Is the following provable in Zermelo–Fraenkel Set Theory?

Question

Zermelo–Fraenkel Set Theory is a system of axioms for describing set theory.

For example, Zermelo–Fraenkel Set Theory says things like:

For any set $x$ and any set $y$ there exists a set $z$ such that $x \in z$ and $y ∈ z$.

I have a conjecture, and my question is, "Is my conjecture provable using only Zermelo–Fraenkel Set Theory and basic logic?"

The conjecture itself is extremely simple. However, the formal wording is ugly, so I have moved the formal conjecture to the very end of this post. If you like formalism, and hate sloppiness, then feel free to scroll of the bottom.

First, let us look at at an informal description:

We start off by being handed a function named $f$:

• The inputs of $f$ are natural numbers.
• The outputs of $f$ look like $(4, x)$ or $(9, y)$
• Every output of function $f$ is an ordered pair
  • The left-most element of the pair is a natural number.
  • We do not know exactly what the right-hand element is.

The function $f$ has one more special property:

• INFORMAL EXAMPLES:
  • $f(45)$ cannot be something like $(98, x)$
  • $f(45)$ must be $(45, x)$ for some $x$
  • The numbers must match.
• FORMAL GENERALITY:

  for some set $B$, $\forall k \in \mathbb N$, $\forall p \in \mathbb N$, $\forall b \in B$, if $f(k) = (p, b)$, then $k = p$.

We want to show that, if function $f$ exists, then the relation $g$ constructed from $f$ by removing the left-hand numbers in the ordered pairs is a function.

For example, if $f(89) = (89, x)$ then $g(89) = x$.

Formally, if there exists a set $B$ such that

$f$ is a mapping from $\mathbb{N}$ to $(\mathbb{N} \times B)$, then $g = \{(k, b): \text{$k \in \mathbb{N}$ and $b \in B$ and $f(k) = (k, b)$}\}$.

BEGIN FORMALIZATION OF THE CONJECTURE:

For any set $B$, if there exists a function $f$ from $\mathbb{N}$ to $(\mathbb{N} \times B)$ such that for every $k$ in $\mathbb N$, there exists $b$ in $B$ such that $(k, (k, b))$ is in $f$, then there exists a function $g$ from $\mathbb N$ to $B$ such that for all $k \in \mathbb N$, $f(k) = (k, g(k))$.

Answer 1

Yes, this is essentially trivial to prove.

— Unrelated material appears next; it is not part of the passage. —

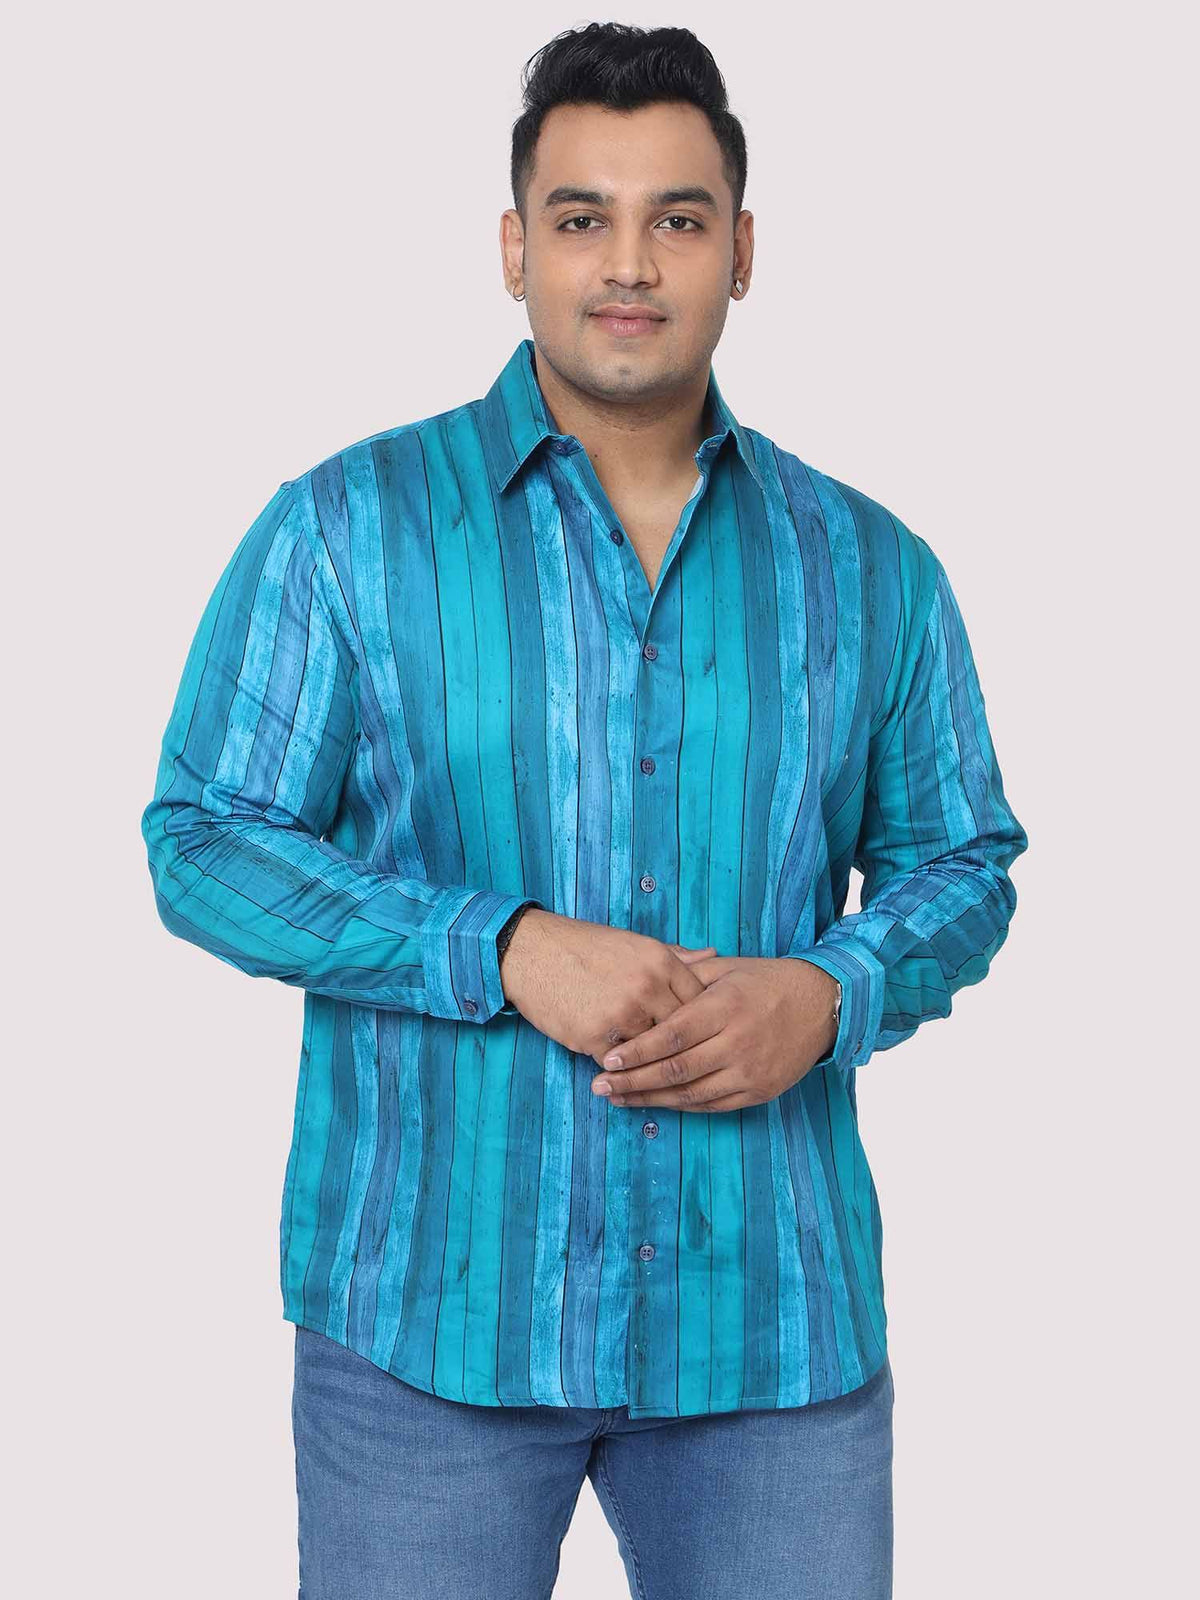 Men's Fashion Cotton Check Shirt, Size: M, L and XL at Rs 500 in
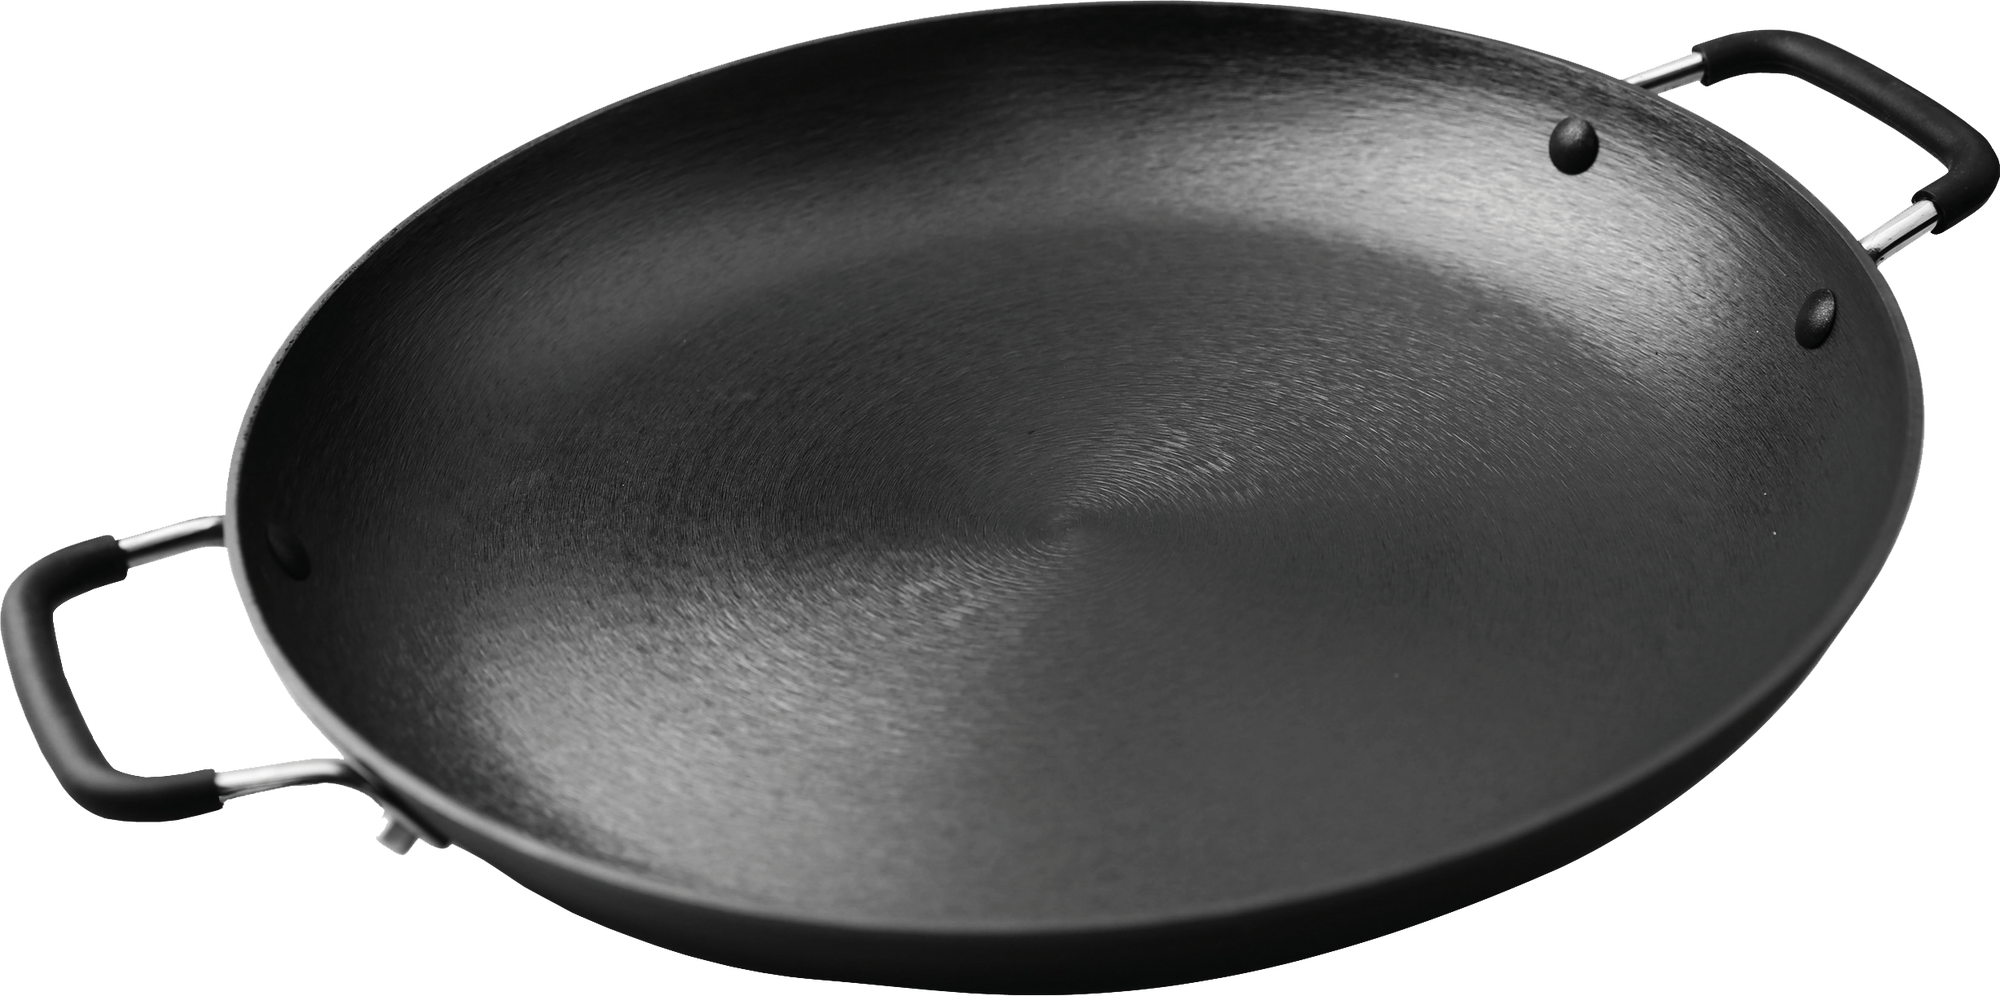 Paella Ultra-Light Cast Iron Fry Pan with Silicone-Coated Handles (14 ¼” diameter).

Explicitly, given that you know that $\mathbb{N}\times B$ is a set (for a proof of that, see If $X$ and $Y$ are sets, their cartesian product $X\times Y$ is a set. for instance), then your $g$ can be defined as $$\{x\in\mathbb{N}\times B:\exists k\exists b (x=(k,b)\wedge(k,(k,b))\in f)\},$$ which exists by Separation. To prove $g$ is a function, suppose $k\in\mathbb{N}$ and $b,c\in B$ are such that $(k,b)\in g$ and $(k,c)\in g$. By definition of $g$, this means that $(k,(k,b))\in f$ and $(k,(k,c))\in f$. Since $f$ is a function this implies $(k,b)=(k,c)$, and thus $b=c$. To prove the domain of $g$ is all of $\mathbb{N}$, let $k\in\mathbb{N}$; then we know there is some $b\in B$ such that $(k,(k,b))\in f$, and then $(k,b)\in g$ by definition of $g$. Similarly it is immediate from the definition that $g$ satisfies $f(k)=(k,g(k))$ for all $k\in\mathbb{N}$.

(To be clear, ordered pairs are not part of the language of ZF, so the formula $\exists k\exists b (x=(k,b)\wedge(k,(k,b))\in f)$ cannot be plugged directly into the statement of Separation. To get a formula in the language of ZF, you have to expand out $x=(k,b)$ and $(k,(k,b))\in f$ as definitions in the language of ZF, similar to the process described here for unions.)